When I was a law student, I sent cold emails to partners at every single firm in L.A. with an entertainment department (hundreds!). Exactly one person agreed to meet with me for lunch, and eventually helped me land a job at her firm. If not for that one act, I probably wouldn’t be sitting where I am right now. I will always be grateful to her for taking the call from an ambitious young student.
Companies like Google and Facebook have totally disrupted how companies market over the past 15 years. At the same time, consumers have become more jaded and resistant to anything “salesy.” In your industry, where do you see the future of marketing going?
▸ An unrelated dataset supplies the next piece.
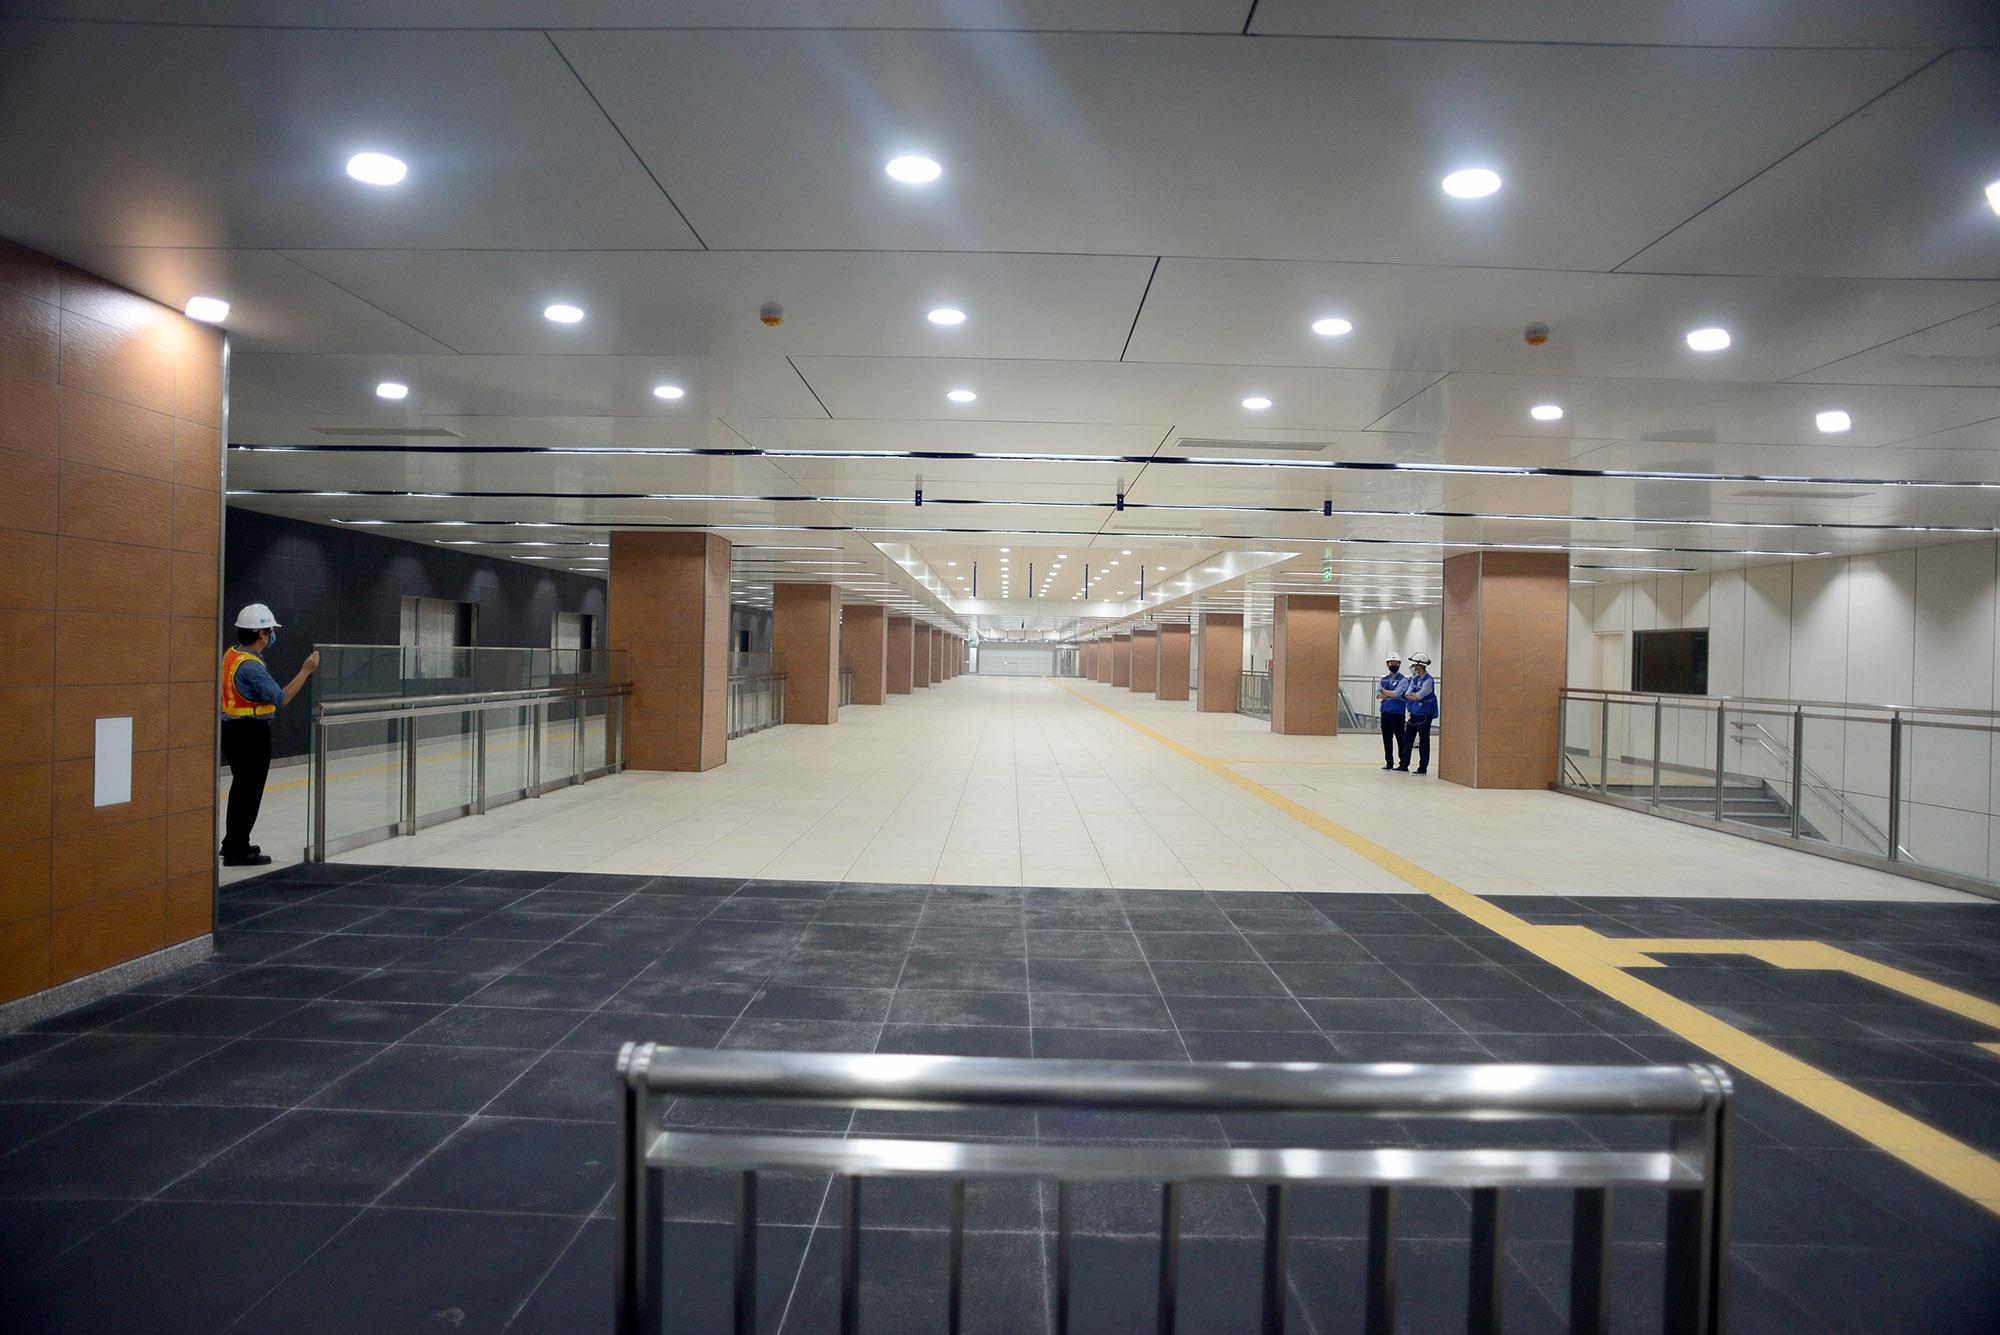 14 năm đưa tuyến Metro Bến Thành - Suối Tiên 'về đích' - Ảnh 3.

This is something we talk about often, especially with our talent clients who are interested in working with brands and vice versa. Authenticity and alignment are essential. Today’s talent are very business savvy and they understand that quick dollars today might not be the best strategic play for where they want to go in the future. And the same is true for brands interested in working with social talent — “one and done” campaigns are not incredibly effective. Building longer-term partnerships are almost always more successful for brands interested in driving awareness and sales.
Can you please tell us the 5 things you wish someone told you before you started? Can you please share a story or example for each.
Be patient, enjoy the ride and learn as much as you can along the way. Don’t be a jerk … ever. Always take time to eat lunch, go to the bathroom, and send personal thank you notes. Know your value and make sure your manager knows as well — hoping busy people notice all the great things you are doing is not a great strategy!
What books, podcasts, documentaries or other resources do you use to sharpen your marketing skills? I think just being curious in general, wherever your interests take you, is a good thing. I’ve never been a proponent of business-y books, I’ve just never found them all that interesting. With one exception: Mr. Carnegie’s “How to Win Friends and Influence People.” It should be required reading for the entire human race.
Who is your hero? Can you explain or share a story about why that person resonates with you?
Two young women who are really making a difference: Malala Yousafzai and Greta Thunberg. Ensuring all women have access to education and demanding the preservation of our planet. If this is what Gen Z has in store for the world, I think there is hope yet.
You are a person of great influence. If you could inspire a movement that would bring the most amount of good to the most amount of people, what would that be? You never know what your idea can trigger.
The climate crisis is something I think about a lot. We must avoid the thinking that we as individuals are too insignificant to make an impact. Small things like reducing personal food waste, selecting products with eco-friendly packaging, driving less, and consuming less meat do matter.
How can our readers follow you online?
@MsTravelicious … unless you hate social content about food
Thank you so much for joining us. This was very inspirational.